**PROBLEM DESCRIPTION**
All that is needed is the line in the material below containing "A heron and terrapin catching the sun", plus every line after it, printed exactly.

**RECORDED DATA**

----------

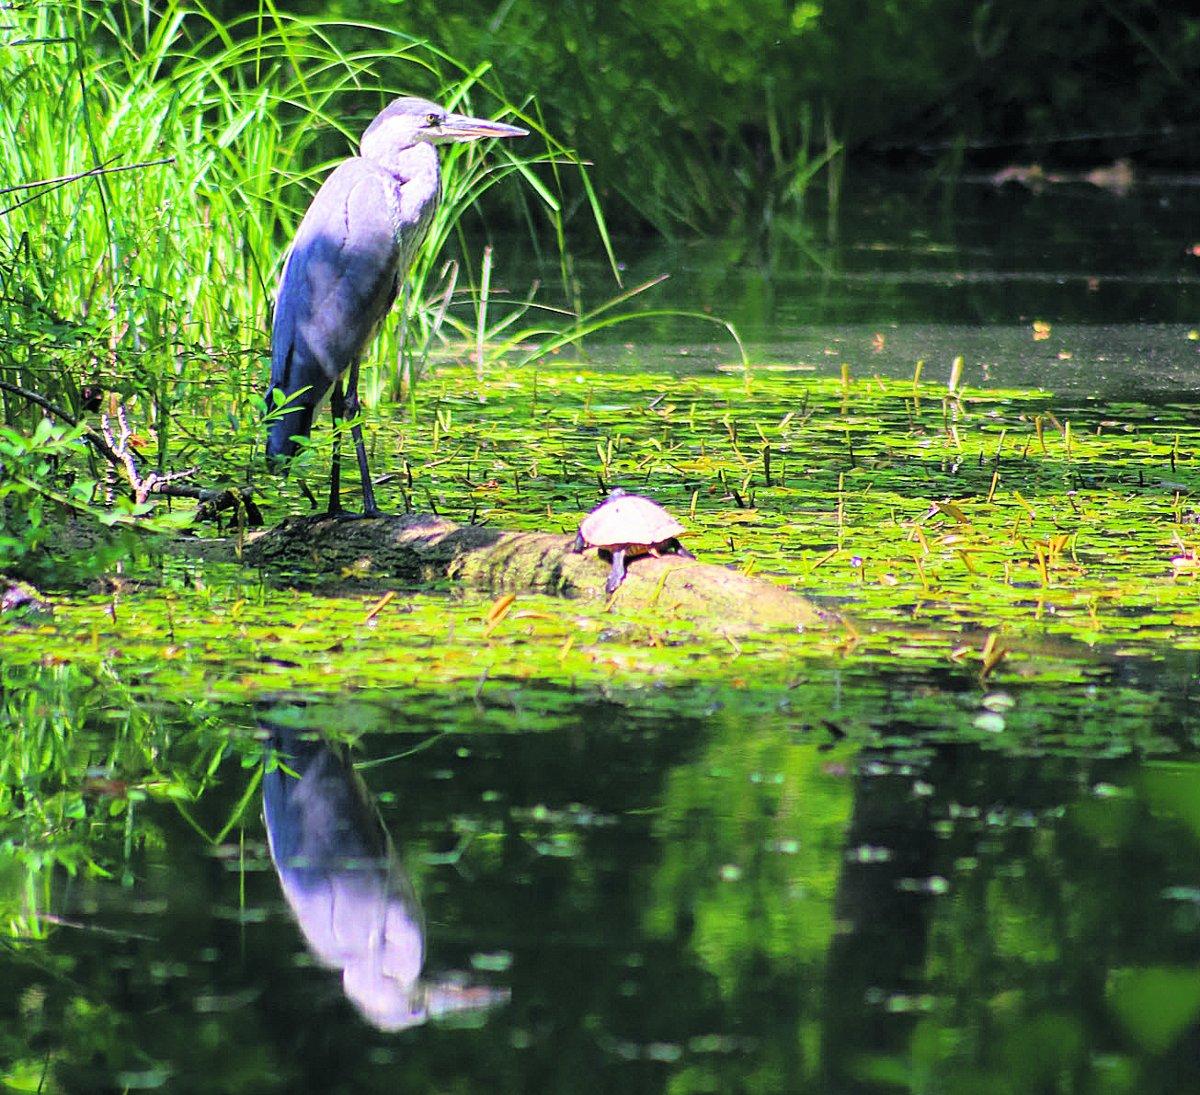 Swiindon Advertiser readers photographs
A heron and terrapin catching the sun
Picture: Billy Gibbs

----------

**EXERCISE RESULT**
A heron and terrapin catching the sun
Picture: Billy Gibbs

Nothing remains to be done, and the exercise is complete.